:: About this exercise ::
Copy the lines below exactly, starting at the one with "Piku 2015 BluRay" and ending at the one with "Used 2017 Audi", and leave out any picture.

:: Input data ::
- - -
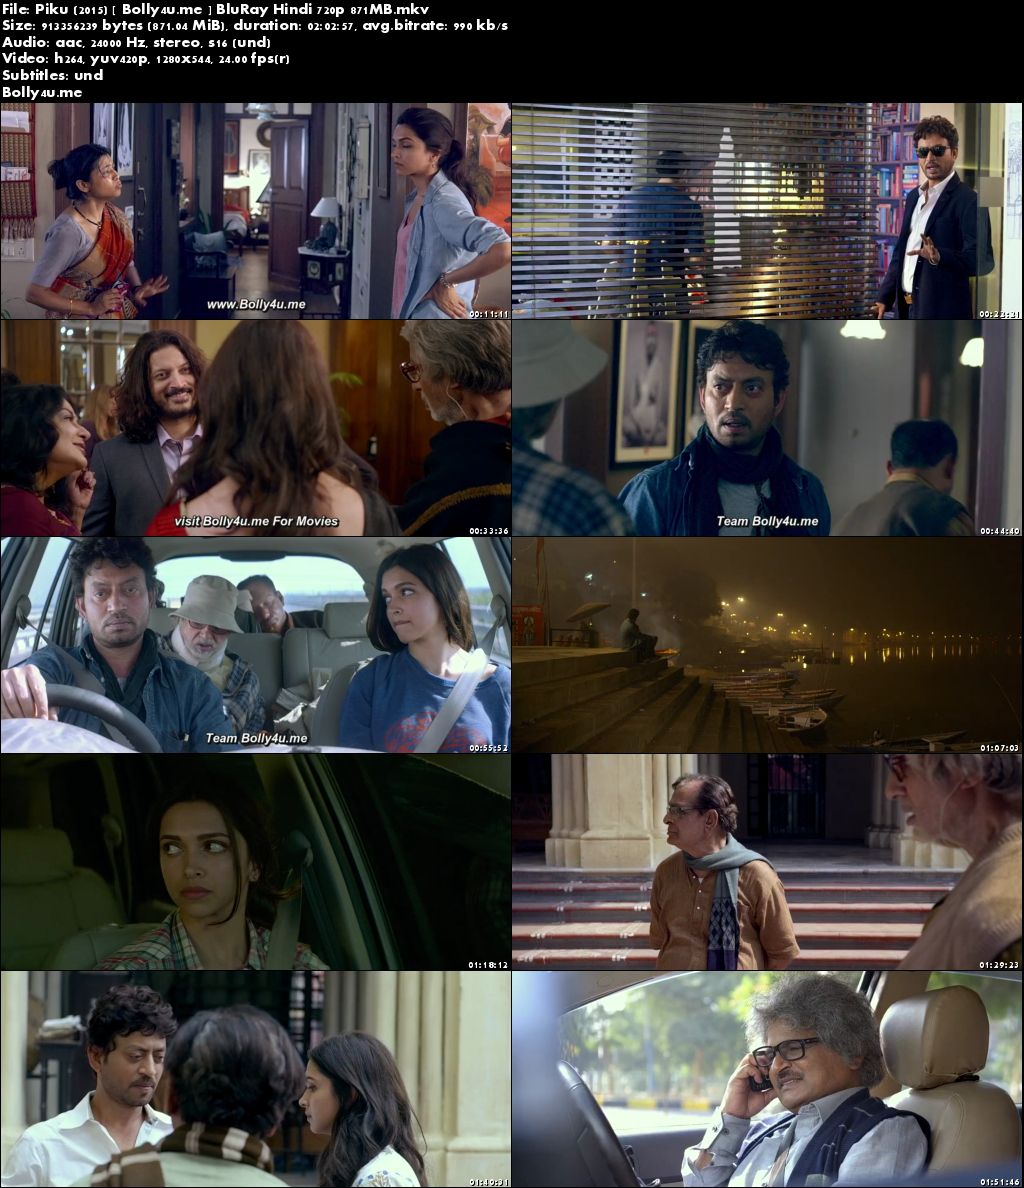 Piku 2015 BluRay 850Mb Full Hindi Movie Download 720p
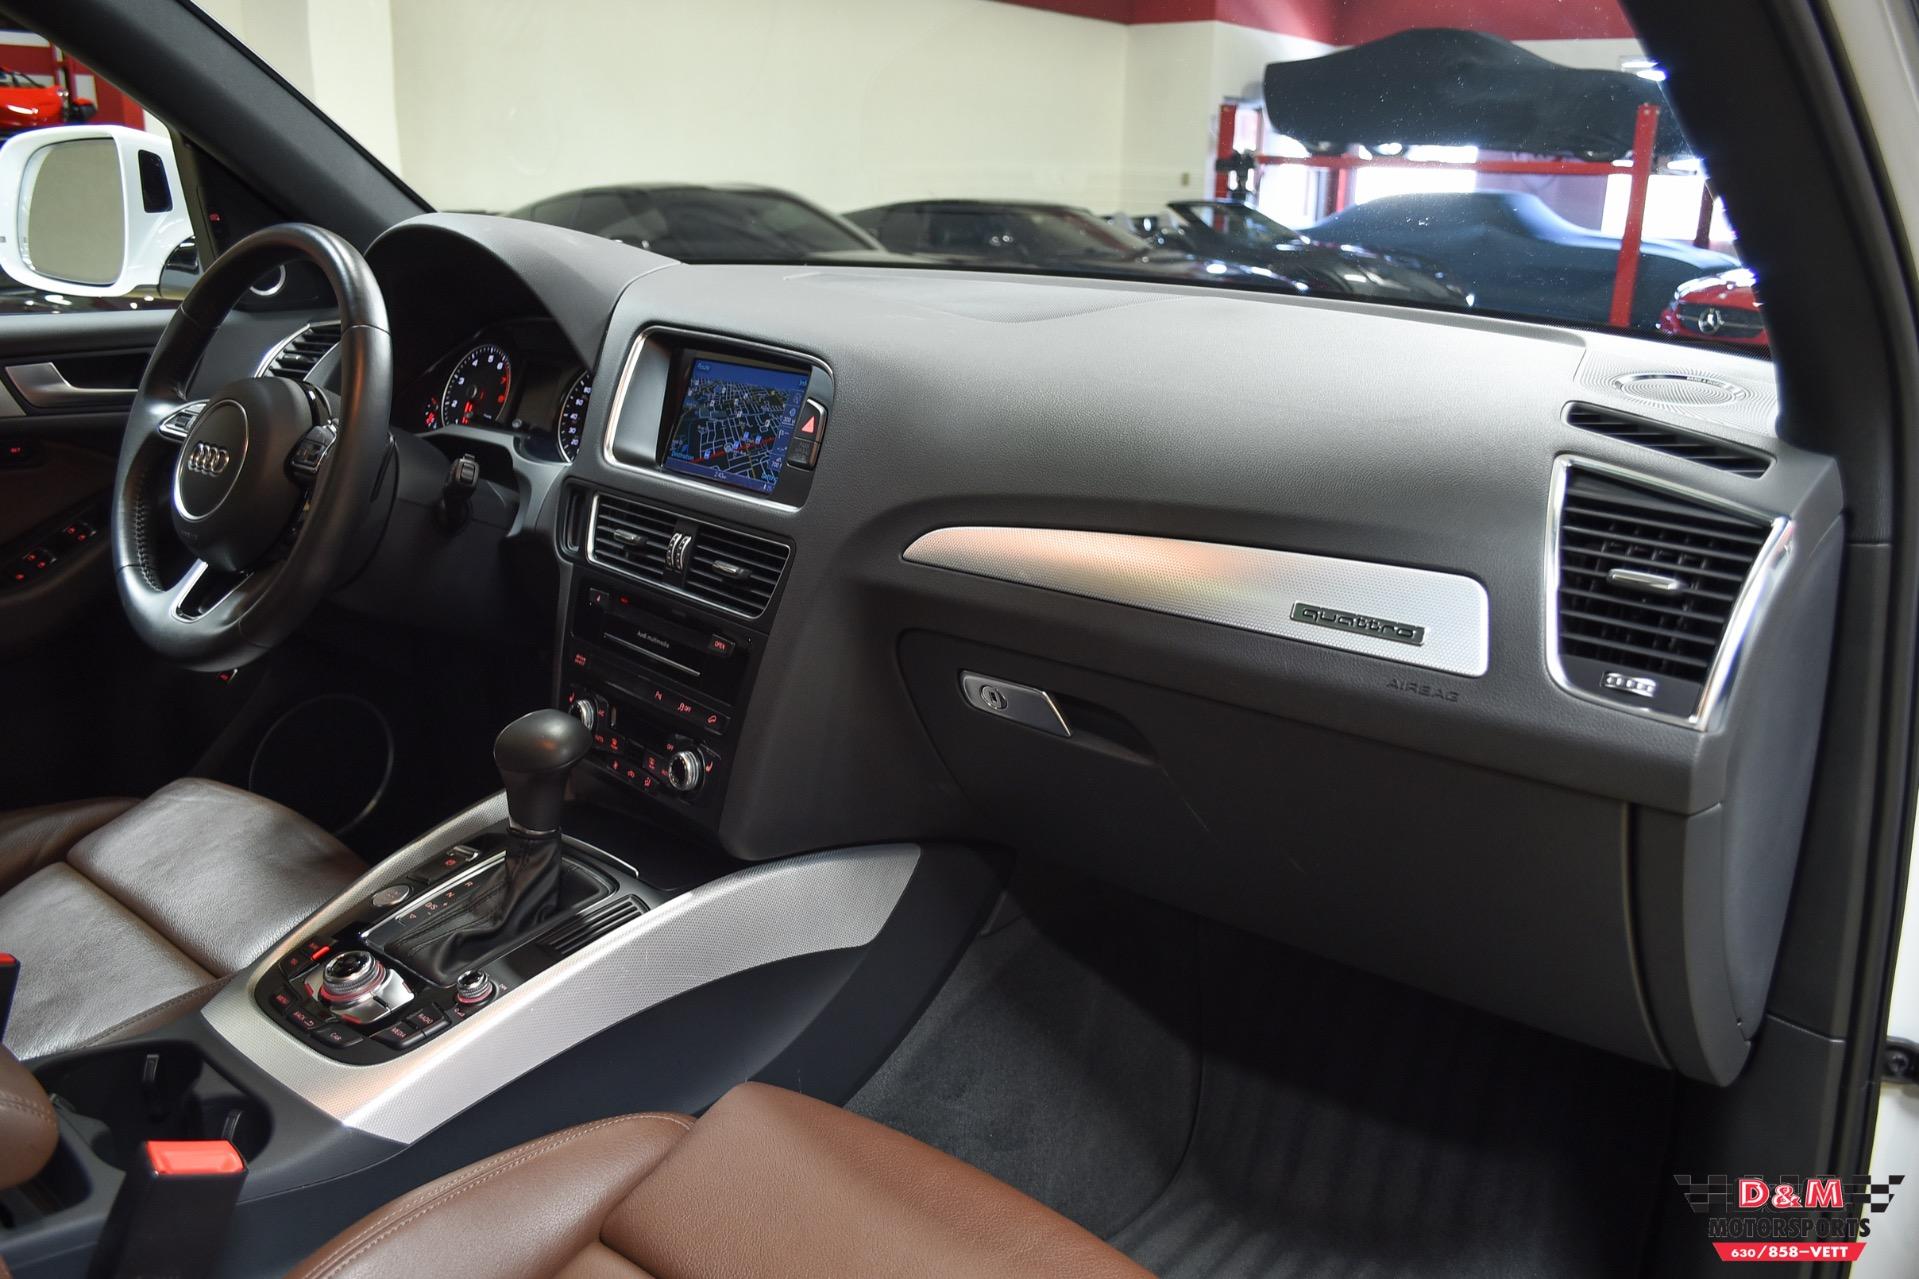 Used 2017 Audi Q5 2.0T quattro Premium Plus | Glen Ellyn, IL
- - -
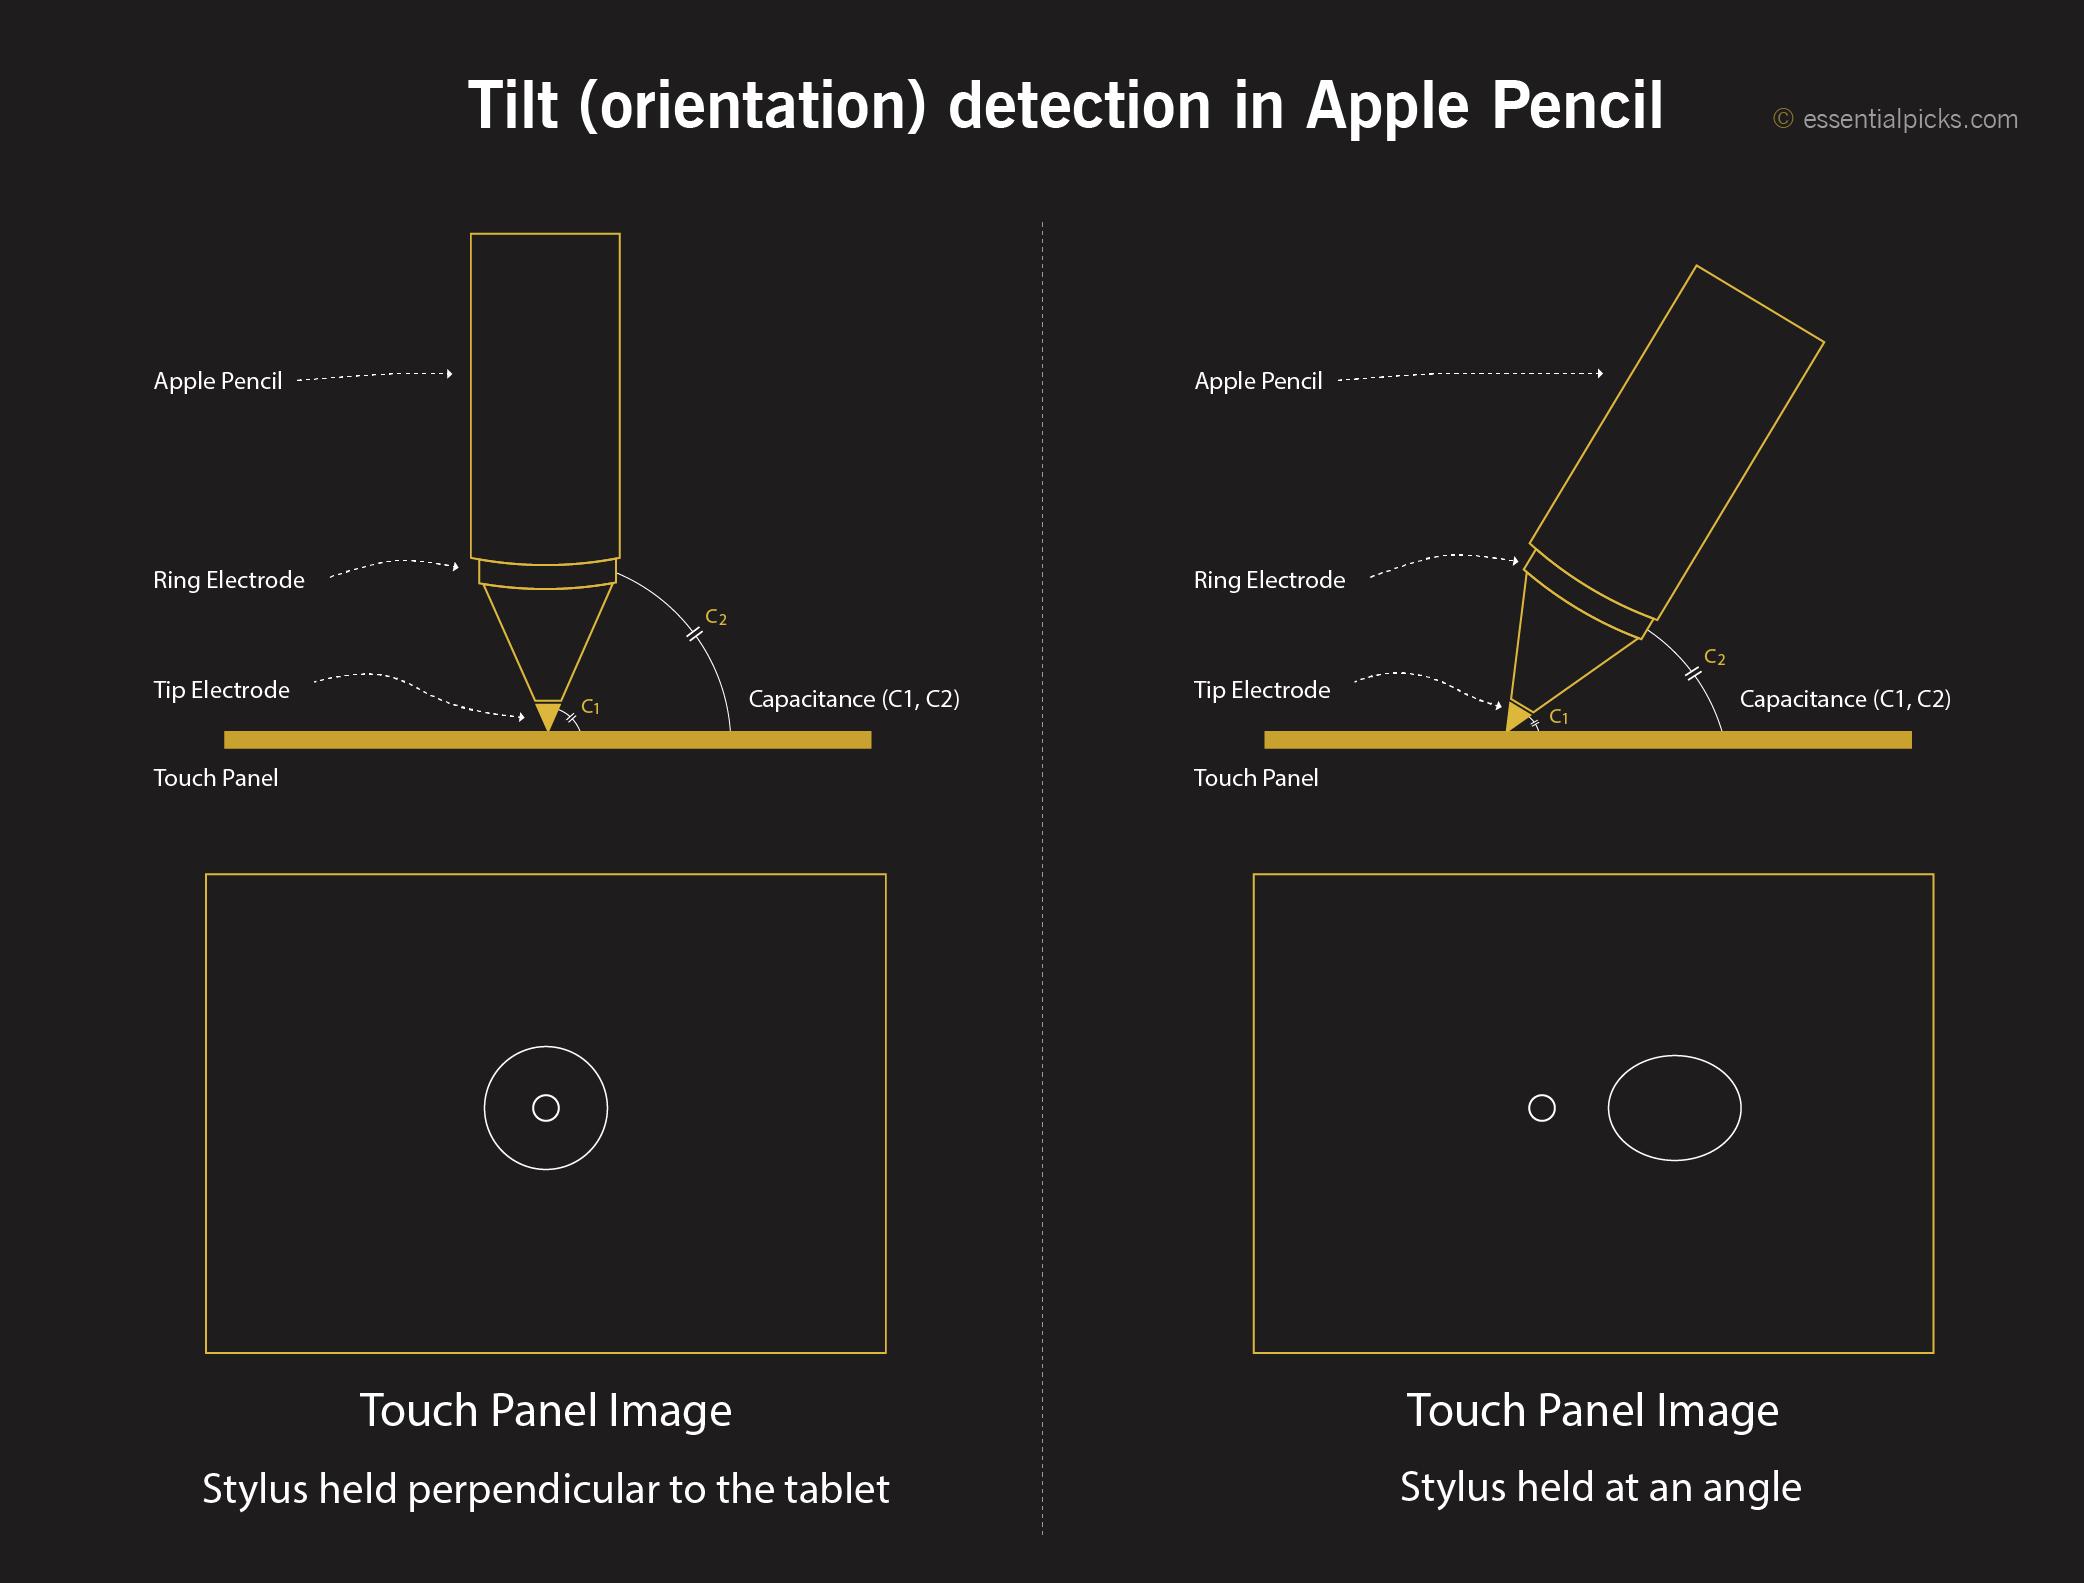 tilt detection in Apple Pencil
- - -
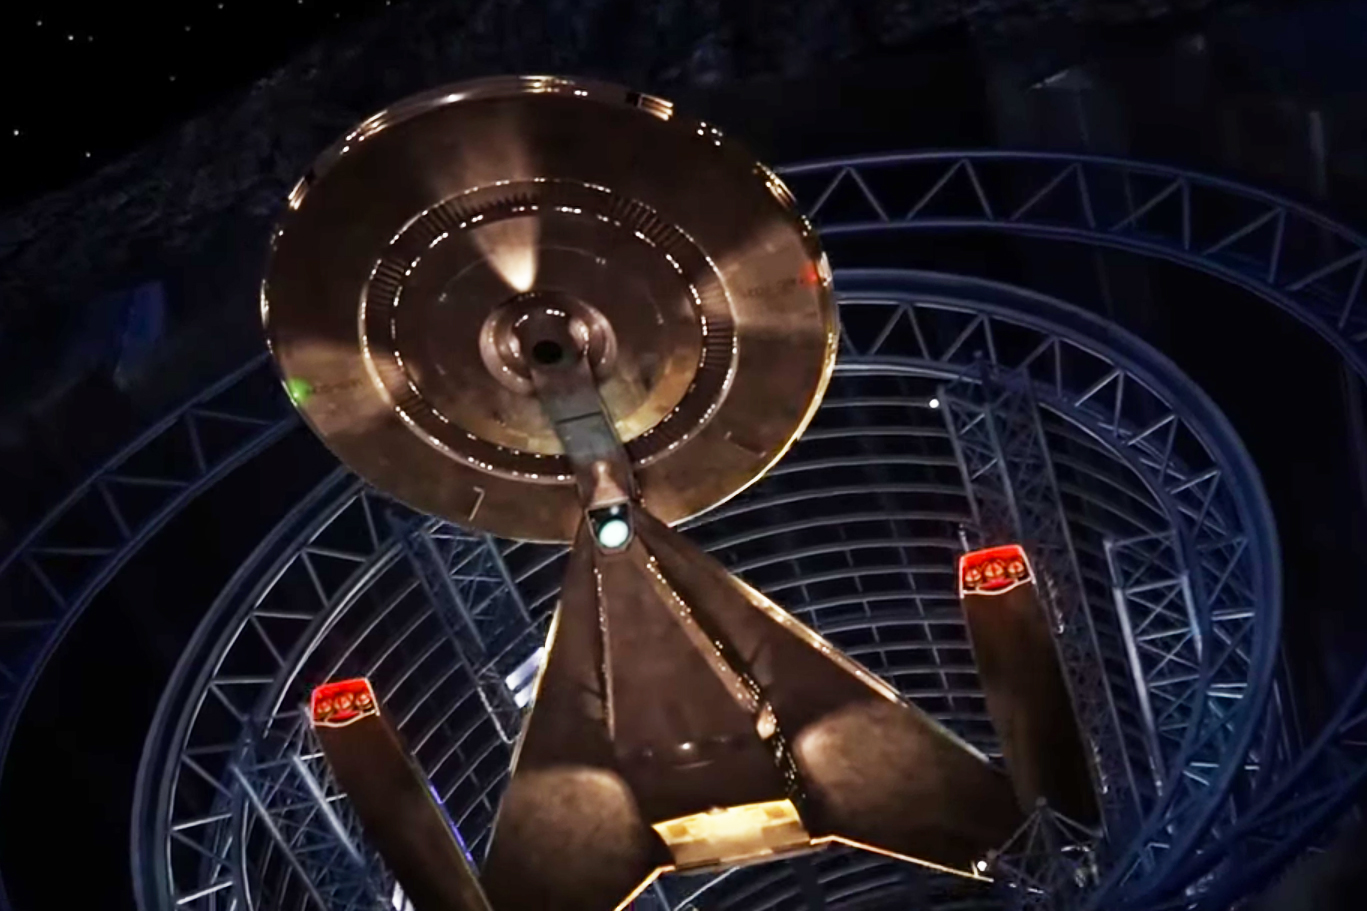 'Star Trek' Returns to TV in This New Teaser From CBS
- - -
:: Finished exercise ::
 Piku 2015 BluRay 850Mb Full Hindi Movie Download 720p
 Used 2017 Audi Q5 2.0T quattro Premium Plus | Glen Ellyn, IL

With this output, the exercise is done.